Revenue concentration and stretched receivables cycle
The company has signed long term PPA (25 Years) to supply its entire power to MSEDCL. Thus, any dispute or weakening of the credit profile of the off-taker puts MSPCL under serious counter party risk. Further, the receivables include the contractual accumulated receivables with respect to Late Payment Surcharge (LPS) until FY2023 of Rs 14,842 Cr.

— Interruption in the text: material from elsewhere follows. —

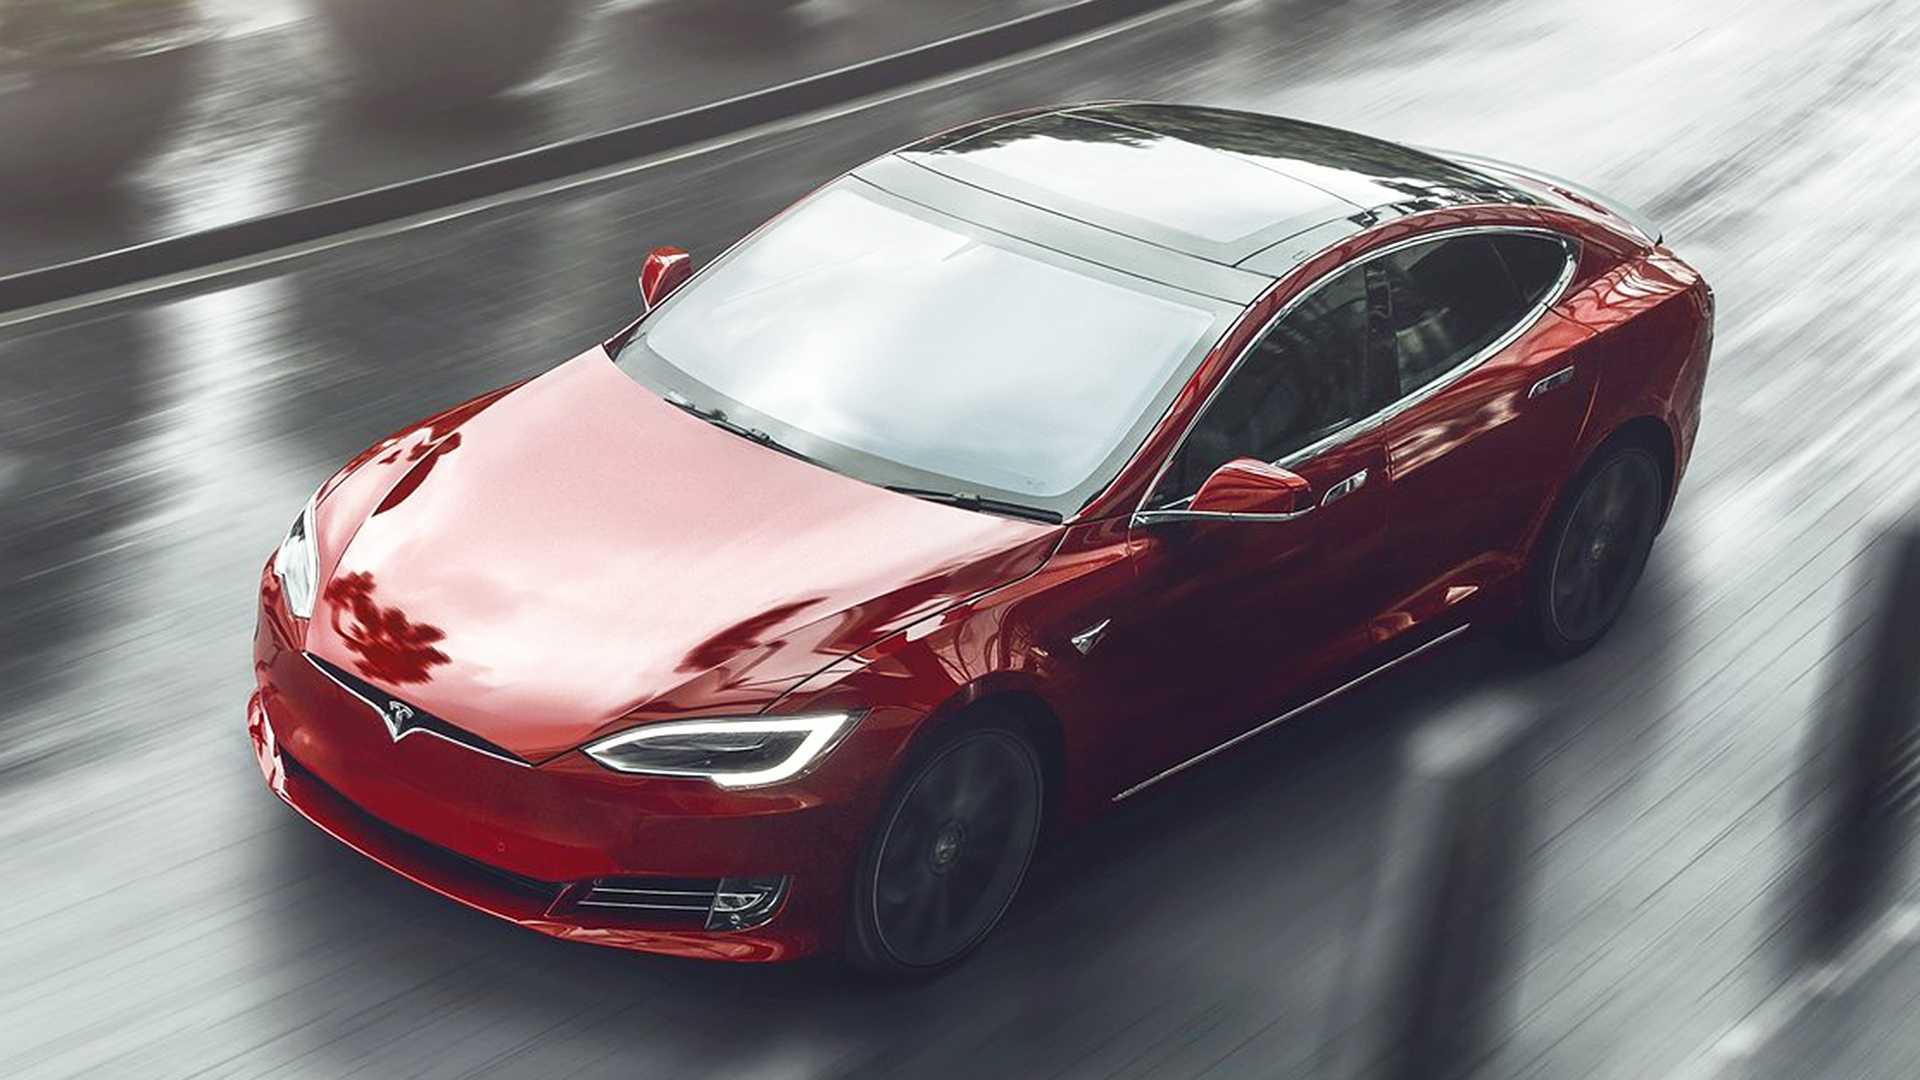 Тесла Модель S Performance получает лучшие награды современного автомобиля Muscle

Till FY2018 both MSPCL and MSEDCL were recording same amount of LPS. However, since FY2019 MSEDCL retrospectively revised the amount of the late payment surcharge by changing the methodology wherein the payments were first adjusted towards principal dues instead of LPS. As a result of the same, there is a huge difference between the LPS amount recorded by MSPCL and MSEDCL. However, under LPS scheme 22 MSPCL has been receiving Rs. 287.52 Cr. monthly from MSEDCL towards the LPS. This has although improved company's receivable during FY2023, the same still stood high. The outstanding balance stood at Rs 25,947 Cr as on March 31, 2023 as against Rs 27,231 Cr as on March 31, 2022 and Rs 24,518 Cr. as on March 31, 2021. Receivable days stood at 329 days in FY2023 against 453 days in FY 2022. With timely receipts of payments under LPS rule 22 liquidity of the company is expected to improve to some extent. Acuité believes timely recovery of the pending LPS along with the recovery of the disputed amount will continue to remain a key rating sensitivity going ahead.